Mostar Air Base
The Predator provided real-time video to the battlefield commanders in the support of NATO forces participating in Operation Joint Guard. During 1997 the 11th Reconnaissance Squadron operated this unmanned aerial vehicle from the ground control station at Mostar Air Base, Bosnia-Herzegovina, in the French sector.
The 1st Combat Communications Squadron deployed satellite communications terminals to support Bosnian peacekeeping forces during Operation Joint Endeavor, Joint Guard and Joint Forge in December 1995. Operating responsibilities in Bosnia were later transferred to the US Army, and satellite terminals were manned by Army operators and 1st CCSQ maintainers. In 1997, Air National Guard units replaced the Army operators, while 1st CCSQ personnel continued to provide full coverage for the terminal in Mannheim and one maintainer for each terminal in Bosnia.

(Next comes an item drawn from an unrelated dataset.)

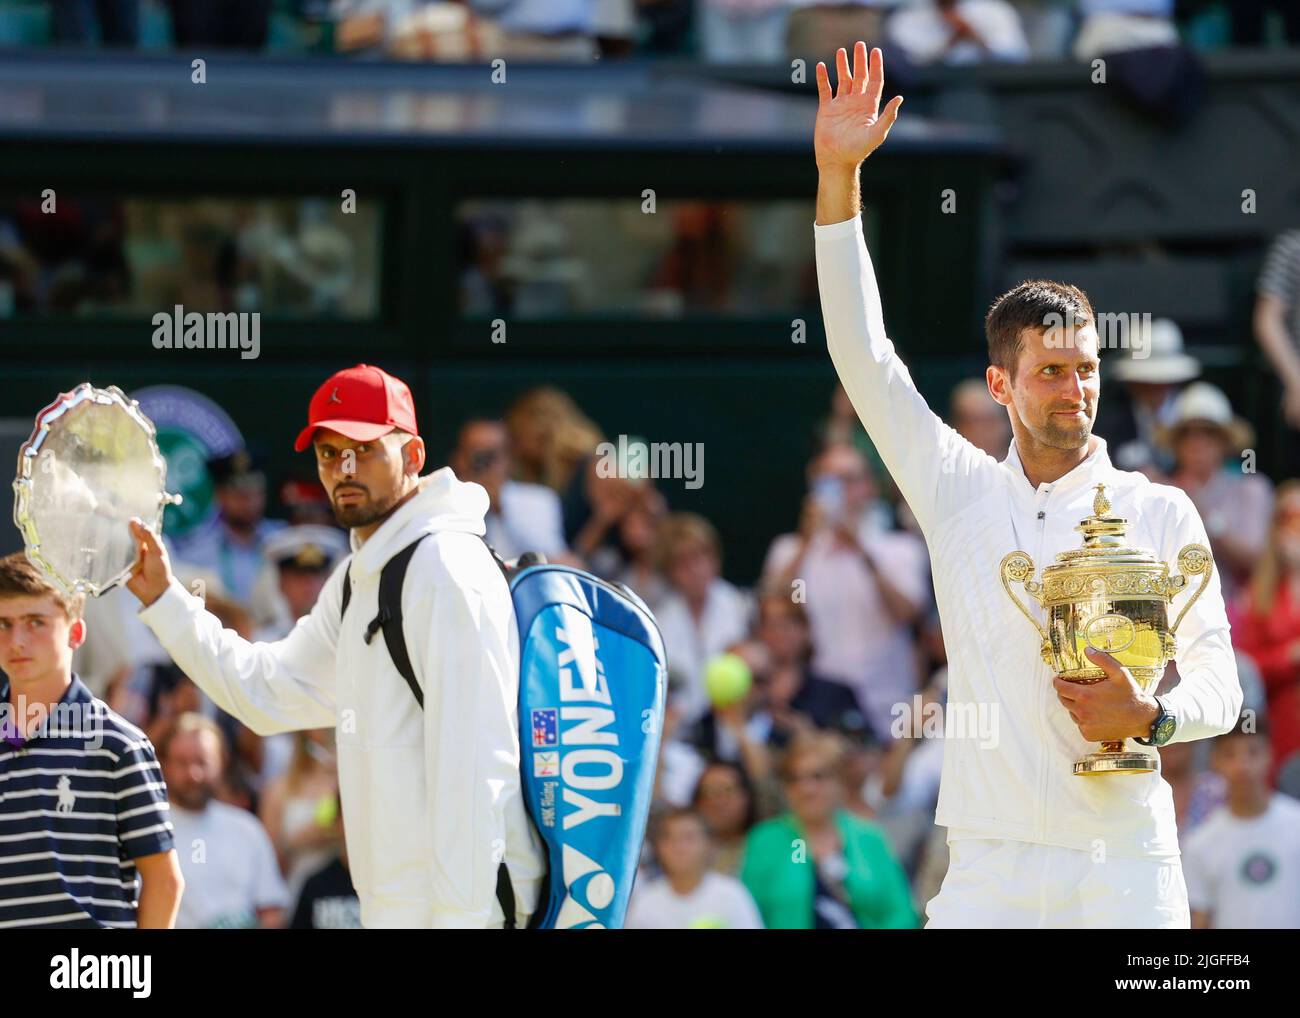 Wimbledon,Great Britain 10th. July, 2022. Champion Novak Djokovic and runner-up Nick Kyrgios during the presentation at the Wimbledon 2022  Championships on Sunday 10 July 2022.,  © Juergen Hasenkopf / Alamy Live News Stock Photo

In February 1999 these four NATO air base SATCOM Terminals from three sites in Bosnia (Mostar, Banja Luka, and Sarajevo) as well as a SATCOM terminal from Mannheim, Germany were recovered, a move prompted by US EUCOM's (US European Command's) decision to commercialize communications circuits as an economical replacement for the tactical communications equipment and personnel.
The French allowed a six-man US PSYOP team under a bilateral liaison agreement to man an IFOR radio in Mostar, which occasionally disseminated The Herald Of Peace and other CJIICTF products.